Через минуту Марко вышел из ванной в спортивных штанах и майке. Стефан, сидящий на табурете в прихожей, тут же вскочил и бросился к нему с воплем:
– Это правда?
– Ты о чем?
– Сам знаешь! – И замахал руками, точно птица крыльями. Стефан, когда волновался, всегда делал так. За что его деревенские прозвали «тетребом – тетеревом». – Говорят, одного из хоровых мальчиков убили. Это правда?
– Кто говорит?
– Все! – И вновь встряхнул «крыльями».
Стефан, мужчина чуть за тридцать, полный, пучеглазый, был деревенским дурачком. В возрасте пяти лет он сорвался со скалы. Местная ребятня лазала по горам с младых ногтей – никто из родителей не считал это опасным, поскольку сами в детстве занимались тем же. Стефан при падении сильно ударился головой. По мнению его матери, это и послужило причиной умственной отсталости.

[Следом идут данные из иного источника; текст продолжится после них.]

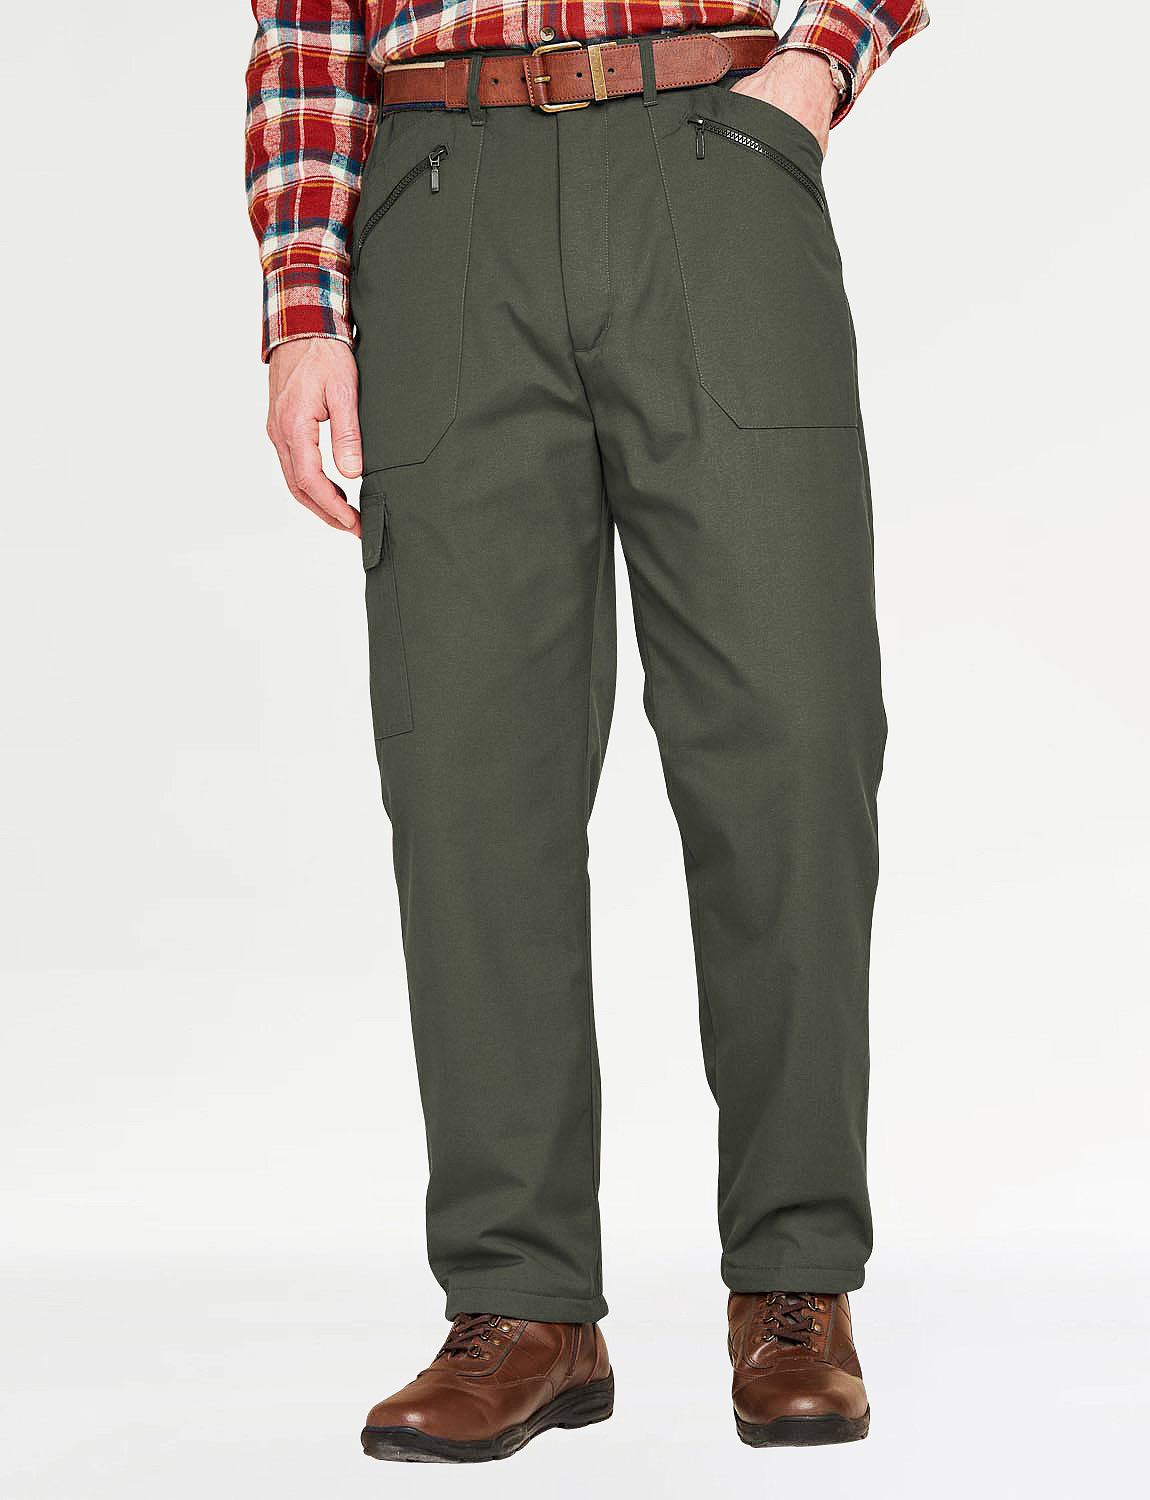 Fleece Lined Action Trouser | Chums

Хотя сверстники Тетерева утверждали, что он всегда был с приветом.
Из кухни выбежал Чак. Деликатный пес, зная, что пугает Стефана, оставил его одного в прихожей. И вот теперь явился туда, чтобы привлечь внимание хозяина. Марк тут же вспомнил о супе, который грелся на плите.
– Стефан, не хочешь покушать? – спросил Марко, направляясь в кухню и маня за собой гостя.
– Хочу.
Тетерев любил поесть. В котомке, с которой он не расставался, всегда было что-то съедобное. Он то грыз сухарики, то посасывал вяленое мясо, то лузгал семечки. В выходные и праздники он побирался у храма. И в отличие от остальных «нищих» радовался не только денежкам, но и конфетам, и яйцам пасхальным, и пирожкам.
– Марко, так правда это? – не отставал Стефан. – Что убили одного из хоровых мальчиков?
– Правда, – вынужден был признать тот.
– И кого?
– А что говорят «все»?
– Кто что! Понимаешь? Много версий. Поэтому я и пришел к тебе. Чтобы спросить.
– Погиб Даниель.
Тетерев так и рухнул на стул, возле которого стоял. Деревянные ножки заскрипели. А Стефан издал звук, похожий на бульканье.
– Только не он, – прошептал он, прочистив горло.
– Что ты имеешь в виду?
– Я имею… – Стефан так резко встряхнул руками, что напугал Чака. Пес сидел возле стола, ожидая, когда хозяин наполнит его миску. – В виду… Что… – Марко выжидательно посмотрел на визитера. – Сам Господь говорил через этого парня. Убить его, все равно что покуситься на Бога.
– Он был так хорош?
– Бесподобен. В миру он уже был бы звездой. Джастин Бибер по сравнению с ним ничто.
– Кто такой Бибер?
– Ты не знаешь? – Марко покачал головой и принялся разливать суп по тарелкам. Первый, кто получил свою порцию, был Чак. – Американский певец, прославившийся в подростковом возрасте.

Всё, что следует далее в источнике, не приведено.